**MATERIAL PROVIDED**
= = = =

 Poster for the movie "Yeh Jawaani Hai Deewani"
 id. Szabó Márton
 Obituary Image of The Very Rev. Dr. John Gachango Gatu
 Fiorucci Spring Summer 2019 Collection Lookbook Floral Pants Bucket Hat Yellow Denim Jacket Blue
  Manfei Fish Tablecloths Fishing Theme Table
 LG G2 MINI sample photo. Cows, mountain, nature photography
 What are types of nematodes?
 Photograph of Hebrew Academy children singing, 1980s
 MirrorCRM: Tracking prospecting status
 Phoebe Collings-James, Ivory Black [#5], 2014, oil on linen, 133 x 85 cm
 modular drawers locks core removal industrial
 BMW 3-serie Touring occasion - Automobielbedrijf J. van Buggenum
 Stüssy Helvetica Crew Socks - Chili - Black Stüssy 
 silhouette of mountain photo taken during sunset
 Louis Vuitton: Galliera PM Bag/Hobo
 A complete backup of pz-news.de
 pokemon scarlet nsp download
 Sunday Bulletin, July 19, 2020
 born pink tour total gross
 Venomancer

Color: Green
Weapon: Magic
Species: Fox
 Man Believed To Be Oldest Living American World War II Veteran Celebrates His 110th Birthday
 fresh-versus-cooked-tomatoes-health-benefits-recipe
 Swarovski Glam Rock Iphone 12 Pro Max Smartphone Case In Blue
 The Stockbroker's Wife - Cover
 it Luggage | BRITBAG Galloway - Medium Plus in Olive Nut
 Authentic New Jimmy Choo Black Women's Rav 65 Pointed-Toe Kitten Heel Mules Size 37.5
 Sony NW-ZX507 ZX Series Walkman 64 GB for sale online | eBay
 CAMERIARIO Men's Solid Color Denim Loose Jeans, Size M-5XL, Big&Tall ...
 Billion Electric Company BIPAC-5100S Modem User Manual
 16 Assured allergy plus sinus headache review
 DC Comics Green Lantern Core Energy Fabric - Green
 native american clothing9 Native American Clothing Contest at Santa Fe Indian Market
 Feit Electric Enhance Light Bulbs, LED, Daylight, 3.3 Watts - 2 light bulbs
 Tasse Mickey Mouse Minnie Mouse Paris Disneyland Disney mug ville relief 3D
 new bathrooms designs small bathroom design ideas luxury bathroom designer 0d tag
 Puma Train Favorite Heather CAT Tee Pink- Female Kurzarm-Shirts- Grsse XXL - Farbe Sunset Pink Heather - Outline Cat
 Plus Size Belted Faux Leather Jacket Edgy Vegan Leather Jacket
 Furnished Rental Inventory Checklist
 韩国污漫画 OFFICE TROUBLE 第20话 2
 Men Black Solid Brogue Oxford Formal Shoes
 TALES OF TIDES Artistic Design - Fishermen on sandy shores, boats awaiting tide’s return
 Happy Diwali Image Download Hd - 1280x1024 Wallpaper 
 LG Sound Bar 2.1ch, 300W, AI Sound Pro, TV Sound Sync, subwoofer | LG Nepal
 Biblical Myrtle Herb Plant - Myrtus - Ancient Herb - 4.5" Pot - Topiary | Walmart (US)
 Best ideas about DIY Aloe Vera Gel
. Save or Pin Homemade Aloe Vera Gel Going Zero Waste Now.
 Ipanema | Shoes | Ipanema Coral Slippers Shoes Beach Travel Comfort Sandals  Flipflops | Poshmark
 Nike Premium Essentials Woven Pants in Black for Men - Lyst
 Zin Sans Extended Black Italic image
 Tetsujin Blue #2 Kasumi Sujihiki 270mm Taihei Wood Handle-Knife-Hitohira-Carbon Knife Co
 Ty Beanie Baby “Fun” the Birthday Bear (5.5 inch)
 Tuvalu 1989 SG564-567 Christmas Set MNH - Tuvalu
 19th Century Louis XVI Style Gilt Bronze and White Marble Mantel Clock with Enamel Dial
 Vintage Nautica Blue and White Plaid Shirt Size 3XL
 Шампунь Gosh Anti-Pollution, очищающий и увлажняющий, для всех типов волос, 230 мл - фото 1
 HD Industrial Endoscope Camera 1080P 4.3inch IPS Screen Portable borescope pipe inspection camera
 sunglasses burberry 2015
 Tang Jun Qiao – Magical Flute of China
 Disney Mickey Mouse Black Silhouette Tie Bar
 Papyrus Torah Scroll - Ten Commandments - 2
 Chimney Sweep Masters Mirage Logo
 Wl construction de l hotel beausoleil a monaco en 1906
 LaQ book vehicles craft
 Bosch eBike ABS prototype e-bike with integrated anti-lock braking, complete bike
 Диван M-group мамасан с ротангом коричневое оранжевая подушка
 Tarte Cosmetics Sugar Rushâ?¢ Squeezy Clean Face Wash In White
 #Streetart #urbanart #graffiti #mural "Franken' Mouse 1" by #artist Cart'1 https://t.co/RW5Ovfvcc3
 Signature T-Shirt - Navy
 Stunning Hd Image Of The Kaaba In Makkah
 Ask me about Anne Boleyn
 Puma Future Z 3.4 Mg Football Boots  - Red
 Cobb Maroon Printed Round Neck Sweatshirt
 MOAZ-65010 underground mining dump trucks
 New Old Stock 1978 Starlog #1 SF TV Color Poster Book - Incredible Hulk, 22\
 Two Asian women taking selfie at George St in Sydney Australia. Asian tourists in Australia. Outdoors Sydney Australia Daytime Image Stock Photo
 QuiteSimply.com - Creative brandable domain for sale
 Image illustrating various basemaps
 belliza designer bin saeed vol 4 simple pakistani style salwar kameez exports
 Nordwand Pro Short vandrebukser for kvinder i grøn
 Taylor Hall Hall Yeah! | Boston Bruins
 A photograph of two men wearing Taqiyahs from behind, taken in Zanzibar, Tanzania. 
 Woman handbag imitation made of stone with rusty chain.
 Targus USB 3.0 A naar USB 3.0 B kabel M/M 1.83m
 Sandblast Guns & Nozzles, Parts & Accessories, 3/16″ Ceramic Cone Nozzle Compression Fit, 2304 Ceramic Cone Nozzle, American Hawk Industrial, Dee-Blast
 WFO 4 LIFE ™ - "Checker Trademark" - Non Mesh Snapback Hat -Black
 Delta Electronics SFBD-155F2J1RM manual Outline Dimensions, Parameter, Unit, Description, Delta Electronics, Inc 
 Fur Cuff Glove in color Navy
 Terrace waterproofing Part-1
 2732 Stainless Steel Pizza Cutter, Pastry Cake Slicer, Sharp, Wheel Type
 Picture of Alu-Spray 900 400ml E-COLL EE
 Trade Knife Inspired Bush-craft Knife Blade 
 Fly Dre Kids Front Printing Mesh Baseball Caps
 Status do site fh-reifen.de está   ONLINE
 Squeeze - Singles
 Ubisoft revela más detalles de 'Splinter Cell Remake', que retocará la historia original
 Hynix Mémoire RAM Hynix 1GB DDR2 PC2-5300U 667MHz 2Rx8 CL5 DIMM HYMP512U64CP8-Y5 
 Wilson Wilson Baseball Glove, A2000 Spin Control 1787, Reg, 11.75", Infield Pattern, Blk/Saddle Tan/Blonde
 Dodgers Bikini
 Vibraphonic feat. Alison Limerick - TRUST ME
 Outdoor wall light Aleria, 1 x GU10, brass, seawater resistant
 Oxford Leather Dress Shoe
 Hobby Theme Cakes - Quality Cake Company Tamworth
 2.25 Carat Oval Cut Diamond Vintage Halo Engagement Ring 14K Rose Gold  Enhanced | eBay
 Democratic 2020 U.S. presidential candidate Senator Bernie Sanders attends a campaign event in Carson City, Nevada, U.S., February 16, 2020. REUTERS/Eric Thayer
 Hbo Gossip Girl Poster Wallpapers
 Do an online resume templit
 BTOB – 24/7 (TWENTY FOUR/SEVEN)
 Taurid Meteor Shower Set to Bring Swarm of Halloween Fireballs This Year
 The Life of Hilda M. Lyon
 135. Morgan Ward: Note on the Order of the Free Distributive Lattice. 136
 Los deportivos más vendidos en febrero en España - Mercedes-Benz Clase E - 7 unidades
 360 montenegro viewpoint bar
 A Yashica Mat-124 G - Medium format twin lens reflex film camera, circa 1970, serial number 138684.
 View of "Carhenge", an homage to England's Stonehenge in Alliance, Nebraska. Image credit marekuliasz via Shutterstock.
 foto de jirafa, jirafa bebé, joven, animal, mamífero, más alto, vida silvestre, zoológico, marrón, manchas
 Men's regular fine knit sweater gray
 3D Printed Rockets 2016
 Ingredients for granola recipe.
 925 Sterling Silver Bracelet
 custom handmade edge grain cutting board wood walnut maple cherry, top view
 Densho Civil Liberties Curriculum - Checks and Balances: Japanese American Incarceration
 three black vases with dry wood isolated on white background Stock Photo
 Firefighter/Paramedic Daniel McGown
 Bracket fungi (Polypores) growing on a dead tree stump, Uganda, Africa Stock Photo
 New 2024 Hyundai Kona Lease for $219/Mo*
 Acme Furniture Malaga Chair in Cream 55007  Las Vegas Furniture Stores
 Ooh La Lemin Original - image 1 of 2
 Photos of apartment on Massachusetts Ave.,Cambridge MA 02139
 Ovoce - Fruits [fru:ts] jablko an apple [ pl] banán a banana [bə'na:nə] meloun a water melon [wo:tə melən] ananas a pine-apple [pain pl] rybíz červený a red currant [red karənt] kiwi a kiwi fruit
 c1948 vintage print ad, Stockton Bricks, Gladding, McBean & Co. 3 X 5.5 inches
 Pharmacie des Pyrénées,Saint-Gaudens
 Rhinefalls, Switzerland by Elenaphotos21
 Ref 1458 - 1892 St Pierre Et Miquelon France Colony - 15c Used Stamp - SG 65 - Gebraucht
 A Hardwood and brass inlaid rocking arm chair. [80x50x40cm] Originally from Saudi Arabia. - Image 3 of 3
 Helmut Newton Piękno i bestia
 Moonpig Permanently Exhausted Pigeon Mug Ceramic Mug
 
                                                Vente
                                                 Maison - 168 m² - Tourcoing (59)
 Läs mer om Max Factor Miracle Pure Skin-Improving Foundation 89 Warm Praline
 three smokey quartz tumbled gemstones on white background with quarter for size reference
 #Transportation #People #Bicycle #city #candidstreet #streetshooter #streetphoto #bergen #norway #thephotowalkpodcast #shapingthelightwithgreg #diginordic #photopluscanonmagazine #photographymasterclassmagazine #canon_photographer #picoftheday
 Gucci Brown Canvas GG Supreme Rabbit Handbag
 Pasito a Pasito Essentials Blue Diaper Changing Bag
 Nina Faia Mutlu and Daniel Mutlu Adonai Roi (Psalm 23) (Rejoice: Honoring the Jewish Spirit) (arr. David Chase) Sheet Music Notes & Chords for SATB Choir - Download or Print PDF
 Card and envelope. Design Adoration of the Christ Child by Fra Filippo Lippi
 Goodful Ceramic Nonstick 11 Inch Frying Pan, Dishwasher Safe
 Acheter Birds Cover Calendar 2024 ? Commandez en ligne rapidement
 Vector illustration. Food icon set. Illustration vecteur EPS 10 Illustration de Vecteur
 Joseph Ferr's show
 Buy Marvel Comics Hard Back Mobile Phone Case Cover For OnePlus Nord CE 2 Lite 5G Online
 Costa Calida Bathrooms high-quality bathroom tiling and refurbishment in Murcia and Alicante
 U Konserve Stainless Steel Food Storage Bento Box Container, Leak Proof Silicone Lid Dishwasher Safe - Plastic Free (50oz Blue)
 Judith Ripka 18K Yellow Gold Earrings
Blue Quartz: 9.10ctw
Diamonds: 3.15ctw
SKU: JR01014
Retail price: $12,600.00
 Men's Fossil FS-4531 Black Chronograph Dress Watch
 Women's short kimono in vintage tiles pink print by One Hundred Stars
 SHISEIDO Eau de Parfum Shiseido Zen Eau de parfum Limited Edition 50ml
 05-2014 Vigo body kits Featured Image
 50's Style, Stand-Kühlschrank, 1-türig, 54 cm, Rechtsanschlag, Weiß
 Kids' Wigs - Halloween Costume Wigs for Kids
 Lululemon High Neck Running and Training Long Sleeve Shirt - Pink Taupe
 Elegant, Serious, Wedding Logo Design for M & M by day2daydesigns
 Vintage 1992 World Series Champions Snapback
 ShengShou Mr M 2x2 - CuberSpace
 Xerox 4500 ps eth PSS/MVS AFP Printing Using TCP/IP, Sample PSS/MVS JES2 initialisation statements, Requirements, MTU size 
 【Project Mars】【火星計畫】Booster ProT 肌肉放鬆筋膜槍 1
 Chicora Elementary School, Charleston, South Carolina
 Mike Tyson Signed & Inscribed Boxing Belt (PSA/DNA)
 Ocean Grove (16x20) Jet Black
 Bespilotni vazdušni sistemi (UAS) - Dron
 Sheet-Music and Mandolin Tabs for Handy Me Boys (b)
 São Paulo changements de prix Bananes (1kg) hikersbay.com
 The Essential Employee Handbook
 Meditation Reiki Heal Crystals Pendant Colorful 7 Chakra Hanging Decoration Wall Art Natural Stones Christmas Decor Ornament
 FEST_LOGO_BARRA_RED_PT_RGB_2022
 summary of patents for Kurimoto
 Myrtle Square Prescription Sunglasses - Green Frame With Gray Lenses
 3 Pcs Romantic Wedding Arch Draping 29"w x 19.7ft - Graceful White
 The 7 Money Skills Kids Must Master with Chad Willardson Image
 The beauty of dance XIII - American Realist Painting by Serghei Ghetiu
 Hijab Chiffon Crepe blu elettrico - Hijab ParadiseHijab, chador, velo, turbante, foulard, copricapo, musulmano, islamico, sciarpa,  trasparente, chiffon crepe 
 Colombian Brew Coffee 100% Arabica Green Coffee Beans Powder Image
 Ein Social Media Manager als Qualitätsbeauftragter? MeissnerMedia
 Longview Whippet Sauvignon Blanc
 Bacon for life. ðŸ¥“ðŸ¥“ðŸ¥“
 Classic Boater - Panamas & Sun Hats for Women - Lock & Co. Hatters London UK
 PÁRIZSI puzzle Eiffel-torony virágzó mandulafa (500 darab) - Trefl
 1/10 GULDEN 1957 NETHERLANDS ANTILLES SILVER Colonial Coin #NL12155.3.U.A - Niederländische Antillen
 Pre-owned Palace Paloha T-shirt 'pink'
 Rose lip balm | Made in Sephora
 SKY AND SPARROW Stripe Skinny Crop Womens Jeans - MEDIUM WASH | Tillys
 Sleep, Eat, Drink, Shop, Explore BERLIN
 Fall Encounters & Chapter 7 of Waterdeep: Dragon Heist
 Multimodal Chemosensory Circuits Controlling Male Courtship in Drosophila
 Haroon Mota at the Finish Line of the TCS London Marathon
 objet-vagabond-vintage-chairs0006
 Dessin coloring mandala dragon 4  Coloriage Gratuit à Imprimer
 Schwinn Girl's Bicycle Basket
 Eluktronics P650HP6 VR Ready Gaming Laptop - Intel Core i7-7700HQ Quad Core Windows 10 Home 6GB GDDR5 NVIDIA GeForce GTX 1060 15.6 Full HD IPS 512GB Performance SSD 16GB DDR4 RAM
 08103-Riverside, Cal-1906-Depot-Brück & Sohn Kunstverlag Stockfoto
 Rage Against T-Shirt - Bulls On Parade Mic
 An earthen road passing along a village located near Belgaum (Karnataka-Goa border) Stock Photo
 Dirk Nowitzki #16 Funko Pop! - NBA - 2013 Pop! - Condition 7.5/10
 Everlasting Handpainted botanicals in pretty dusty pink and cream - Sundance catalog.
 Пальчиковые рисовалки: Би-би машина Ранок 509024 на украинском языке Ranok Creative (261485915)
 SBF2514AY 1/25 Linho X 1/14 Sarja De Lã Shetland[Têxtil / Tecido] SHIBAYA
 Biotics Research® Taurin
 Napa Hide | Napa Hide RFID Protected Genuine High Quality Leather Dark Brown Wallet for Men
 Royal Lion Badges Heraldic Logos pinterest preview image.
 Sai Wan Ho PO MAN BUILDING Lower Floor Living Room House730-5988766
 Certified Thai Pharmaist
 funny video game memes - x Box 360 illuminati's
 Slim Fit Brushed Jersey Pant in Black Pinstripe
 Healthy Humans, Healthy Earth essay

= = = =

**ACTIVITY**
Once you find the line with "A complete backup of pz-news.de" above, print it and every line after it up to and including the line with "Man Believed To", exactly as written and nothing else.

**RESULT BELOW**
 A complete backup of pz-news.de
 pokemon scarlet nsp download
 Sunday Bulletin, July 19, 2020
 born pink tour total gross
 Venomancer

Color: Green
Weapon: Magic
Species: Fox
 Man Believed To Be Oldest Living American World War II Veteran Celebrates His 110th Birthday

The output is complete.